The Horse Behind Barbed Wire

Driving home from work I spotted
A poker-faced gelding standing
Motionless by the road behind

Thin, pale, lifeless steel barbed-wire
Entangled with bare, sinuous
Bush and bramble. I don’t know what

Caused me pause. The riderless saddle
Burdened upon his back? The brown
Leather chafed dull from the blue-jeaned

Weight of mankind. Could it have been
The pale sore below his rippling
Rib cage, pocked and suppurated

By the spur’s ceaseless insistence?
Maybe it was the bridle strapped
Across his long face, as if to

Hinder him from munching on the
Winter-burnt grass. But perhaps it
Was that he just looked straight ahead,

His empty eyes overcast with
Meditation, determination,
As if he were lost in a
Reverie of feral dreams
And hope.





Revelations of the Chanterelle

Counting Autumn’s ruddy liver spots
Freckled upon the hairs of the meadow-bier,
I came upon a troupe of golden chanterelles,
Their trumpet horns pointing heavenward
For the dawdling clouds to hear.

What requiem they bellowed I could not tell.
So placing a curious ear upon the topmost tier,
My body oozing through the damp of the dew,
I listened for the earth’s reverberating groans
Of Demeter’s harvested grief of one so dear.

But what it was that I did hear–
A dirge, a hymn, the babble of a seer–
I do not know, only that I was inhearsed
Within the cool grass as squirrels rustled over the boughs
Fervidly collecting hickory nuts against their winter fears.

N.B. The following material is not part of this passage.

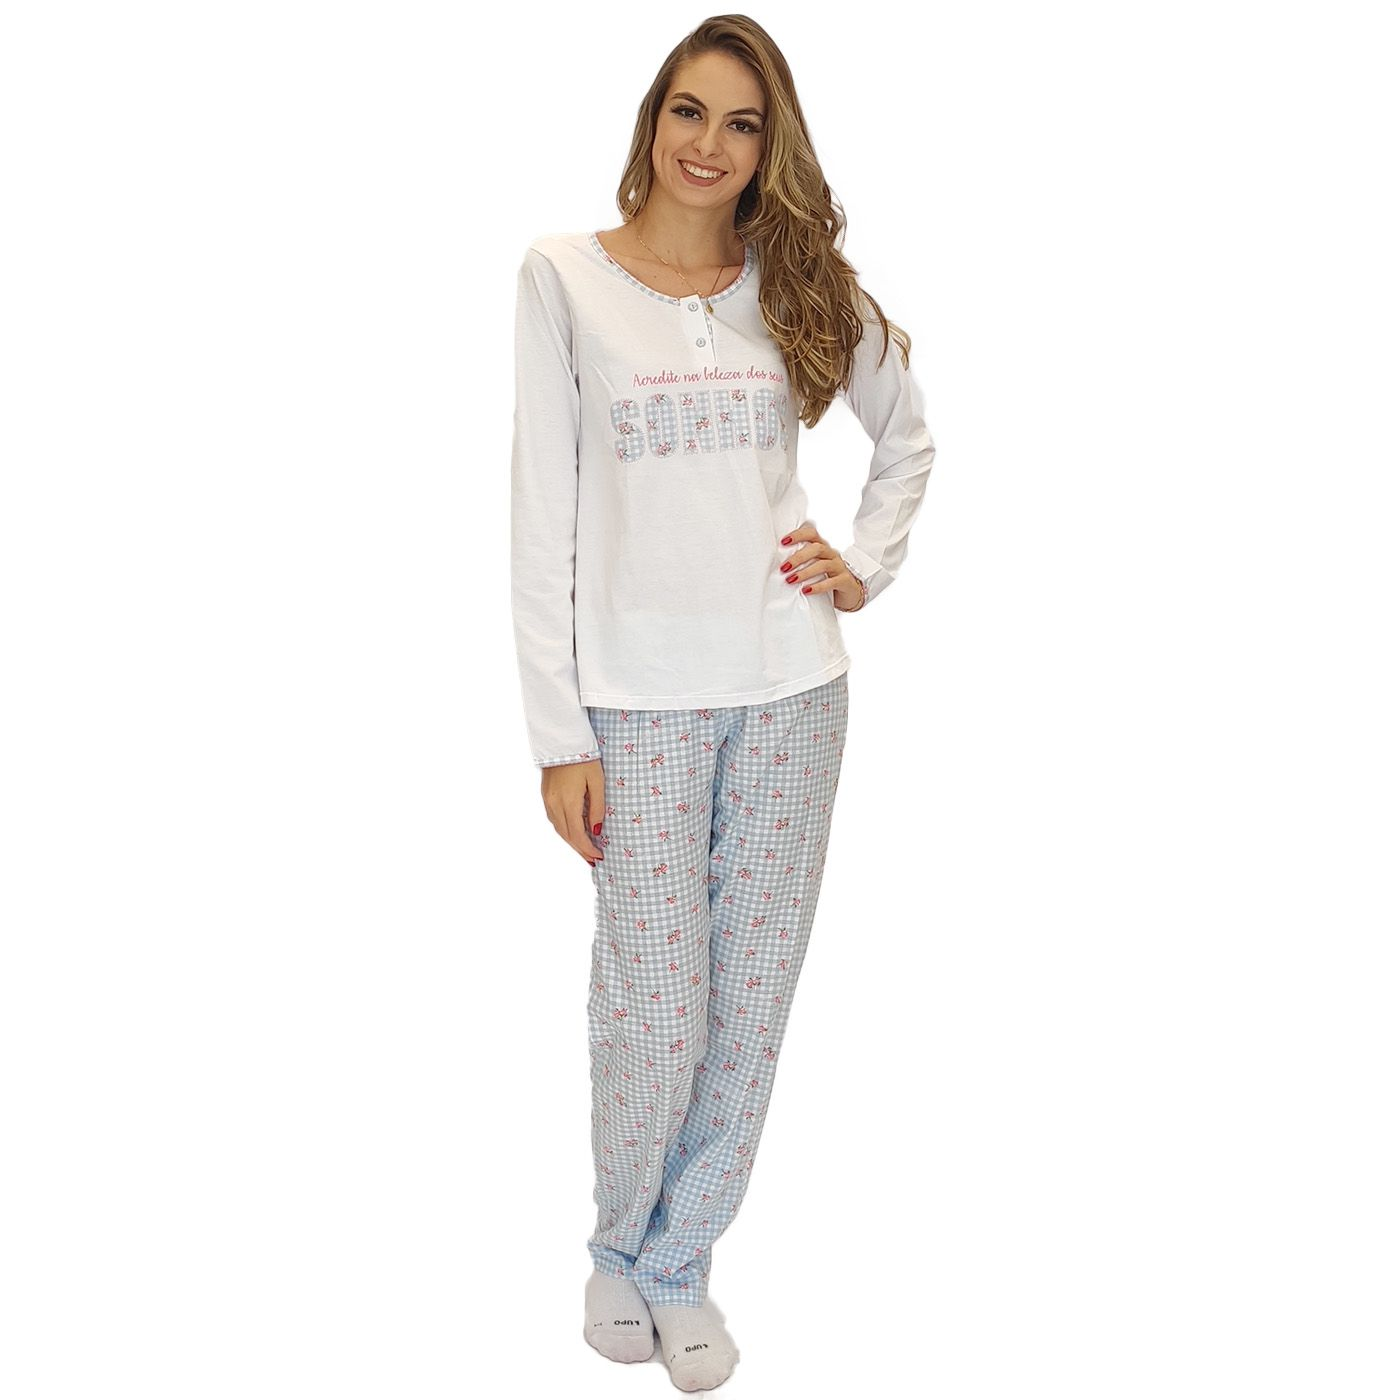 Pijama feminino adulto frio blusa botão calça xadrez

Chris Kobylinsky is studying English literature as a graduate student and working as a teaching assistant at Western Connecticut State University. He has been a writer of prose, poetry, and poppycock for as long as he can remember. His writing is not only inspired by his many literary heroes—such as Shakespeare, Homer, Emily Dickinson, Robert Frost, and Gerard Manley Hopkins—it is also inspired by the rustic pastures, the stone wall–laced willowwacks, and the abandoned silos of New England. Chris has recently completed his first young adult novel.